#### The problem:
Repeat the listing exactly. Any picture in it should be left out of the copy.

#### Dataset section:
▼

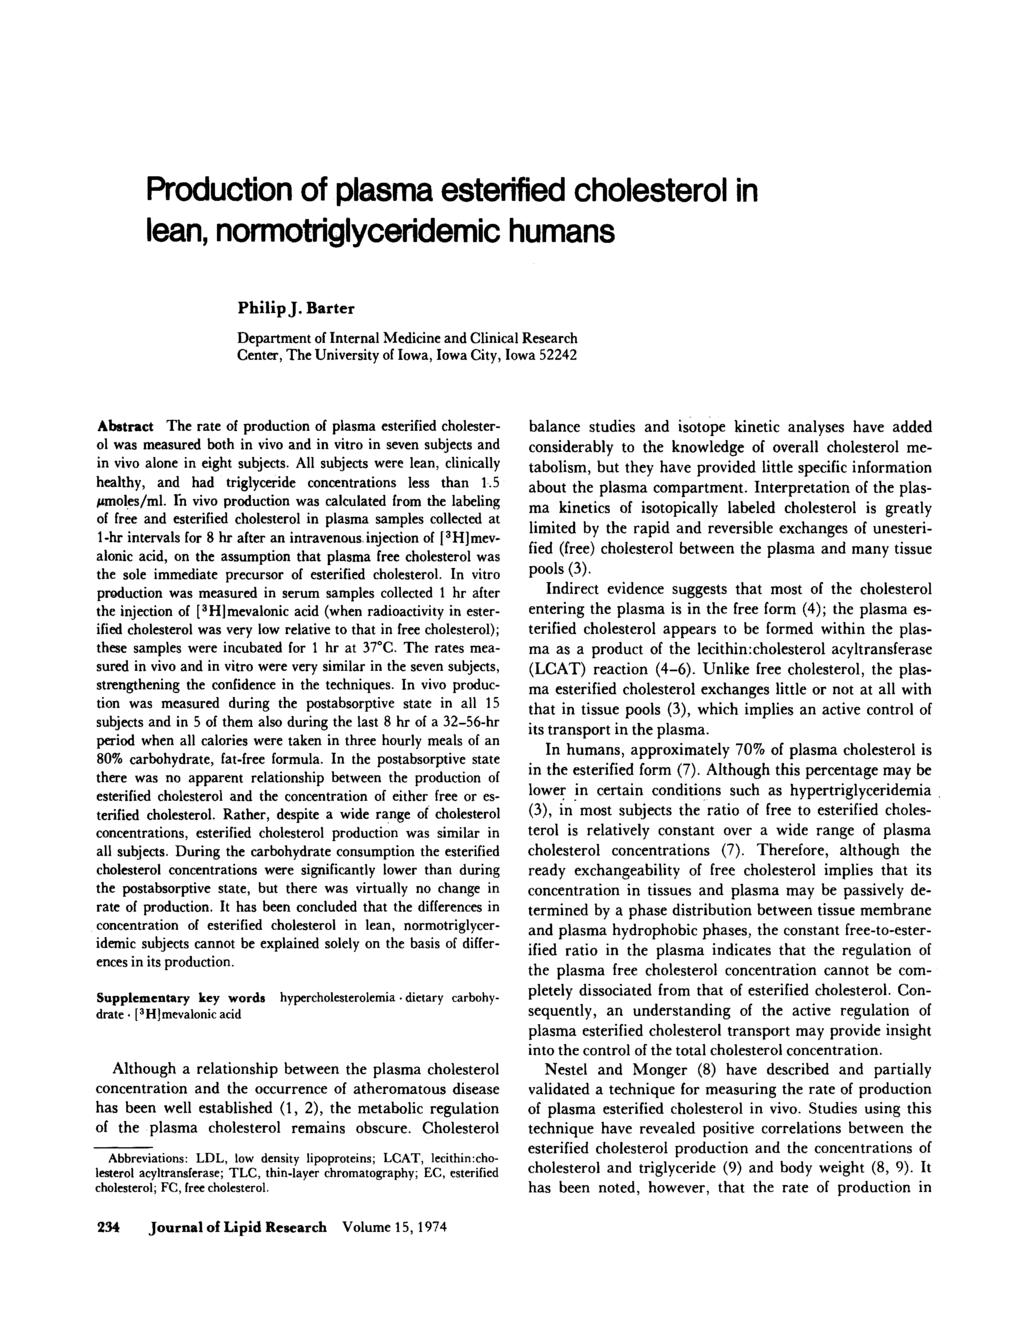 Production of plasma esterified cholesterol in lean, normotriglyceridemic humans Philip J.
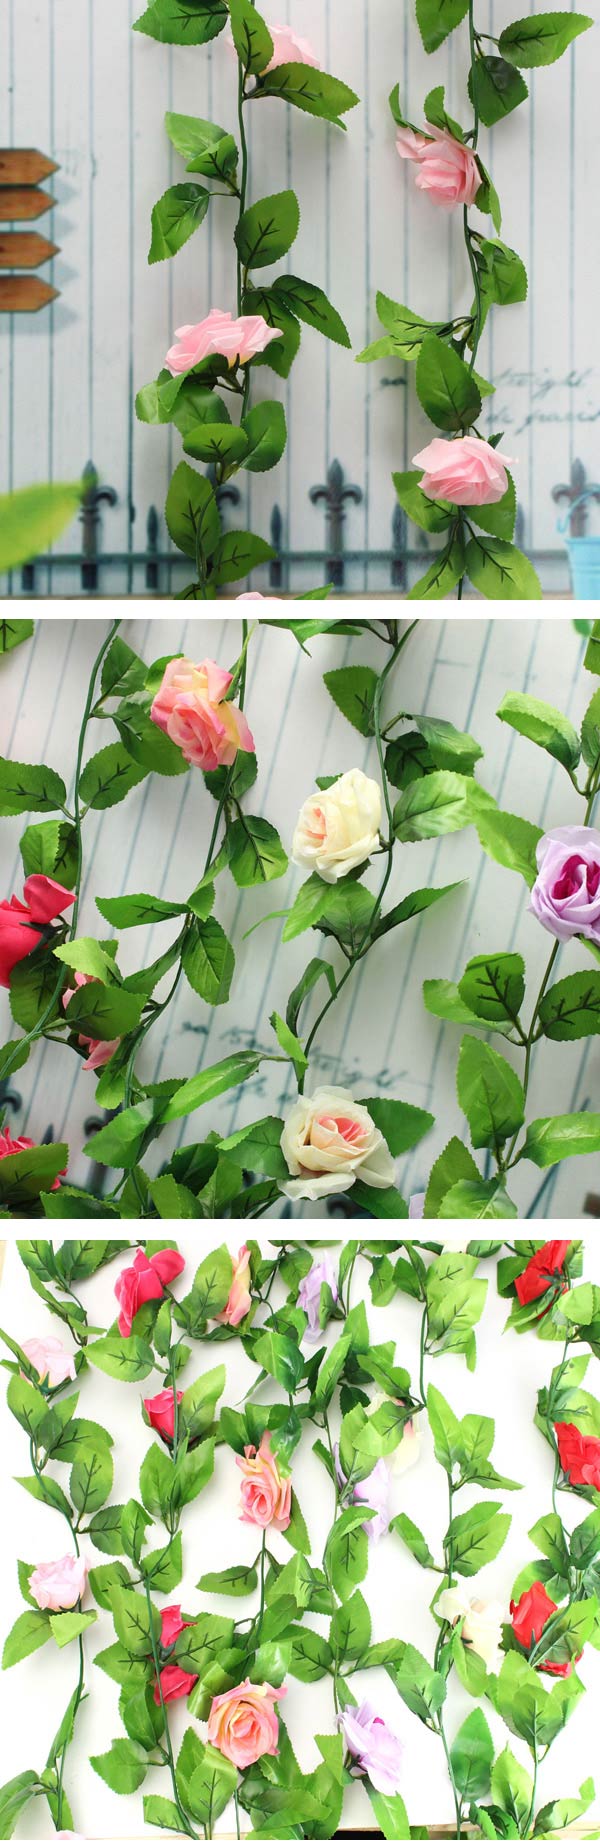 2pcs-Artificial-Plastic-Rose-Flower-Vines-Garland-Home-Garden-Decoration-997281-2
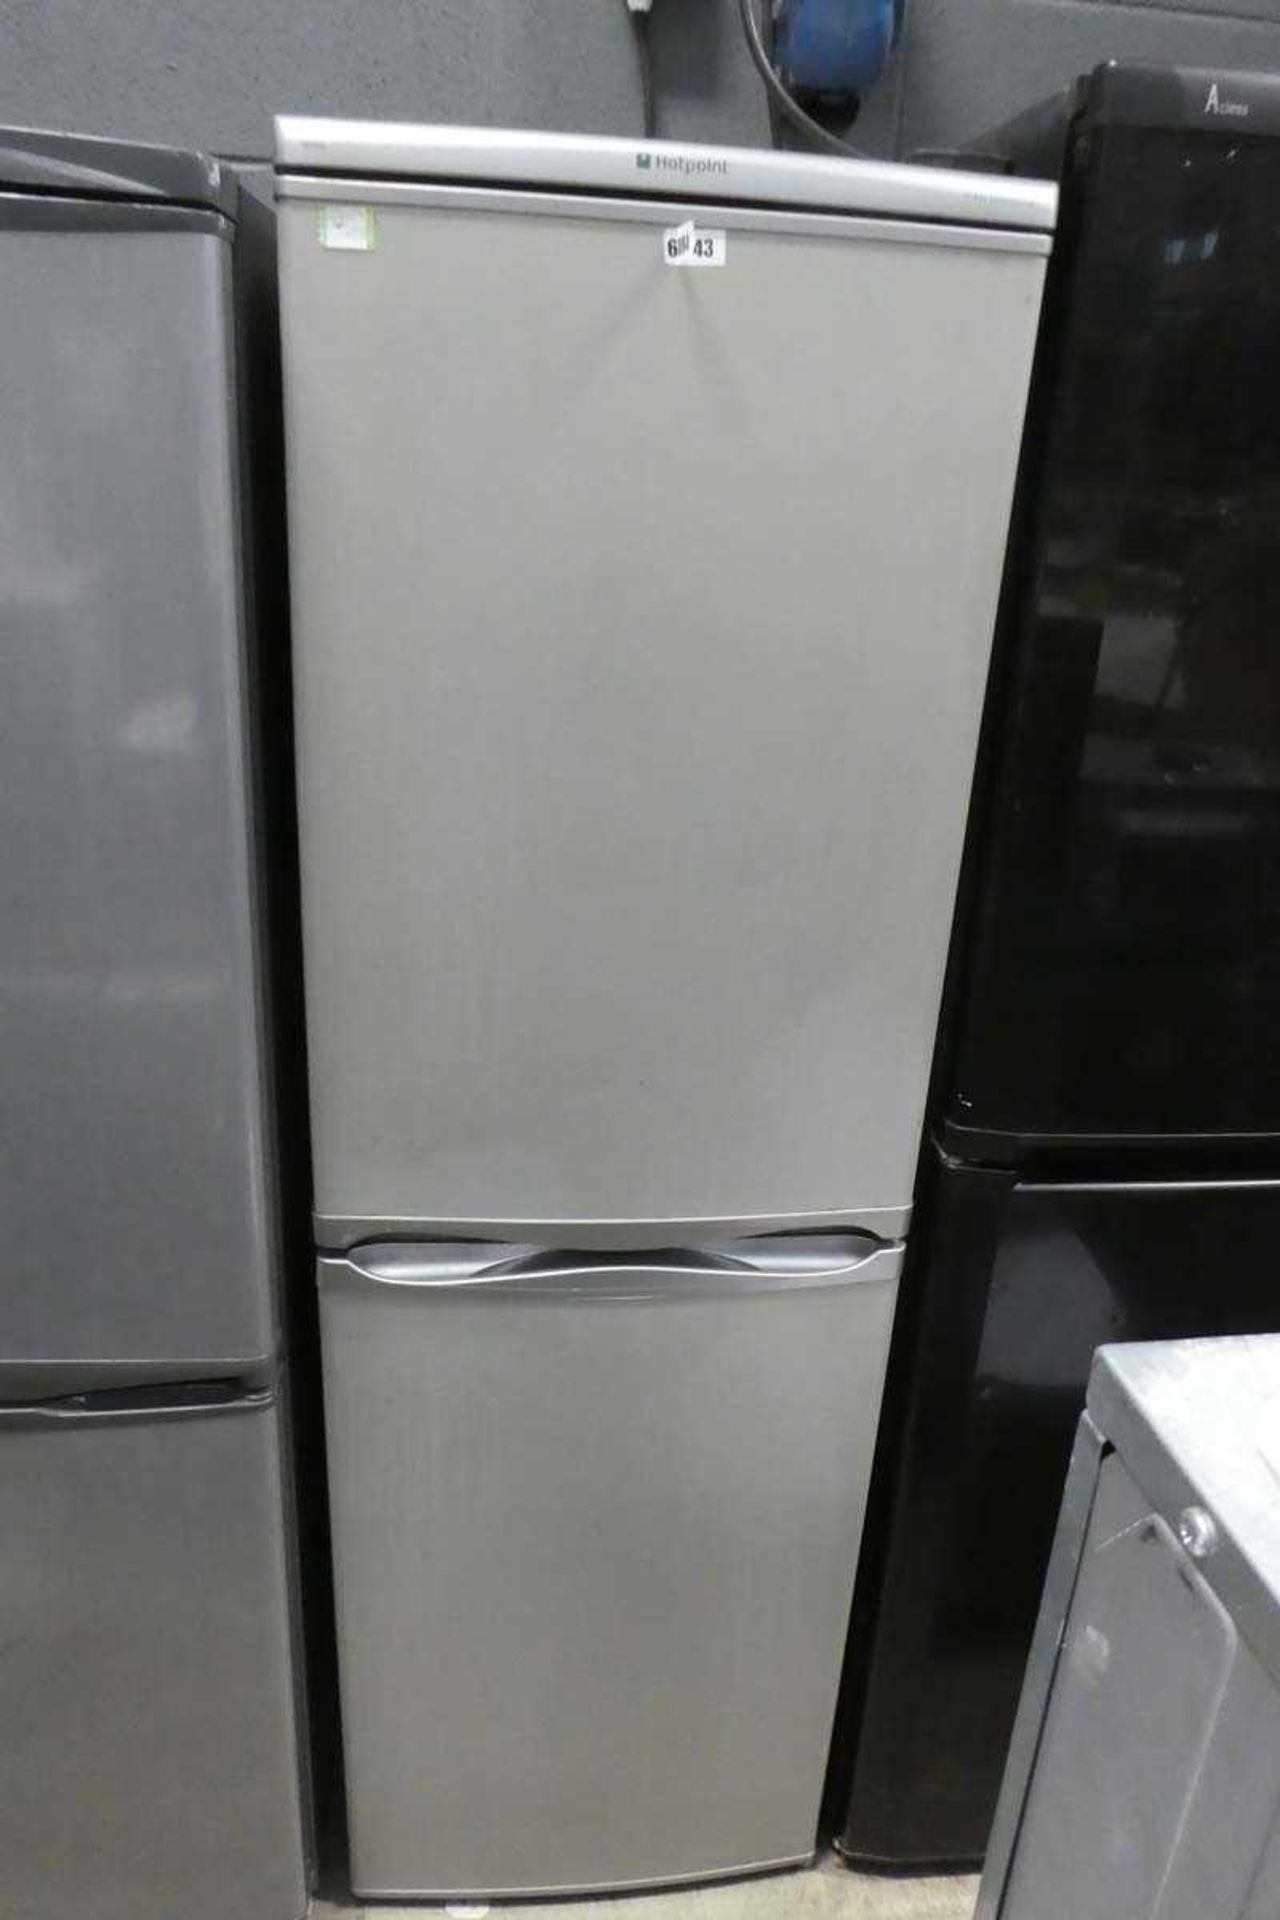 Silver Hotpoint fridge freezer

▲

#### Exercise output:
 Production of plasma esterified cholesterol in lean, normotriglyceridemic humans Philip J.
 2pcs-Artificial-Plastic-Rose-Flower-Vines-Garland-Home-Garden-Decoration-997281-2
 Silver Hotpoint fridge freezer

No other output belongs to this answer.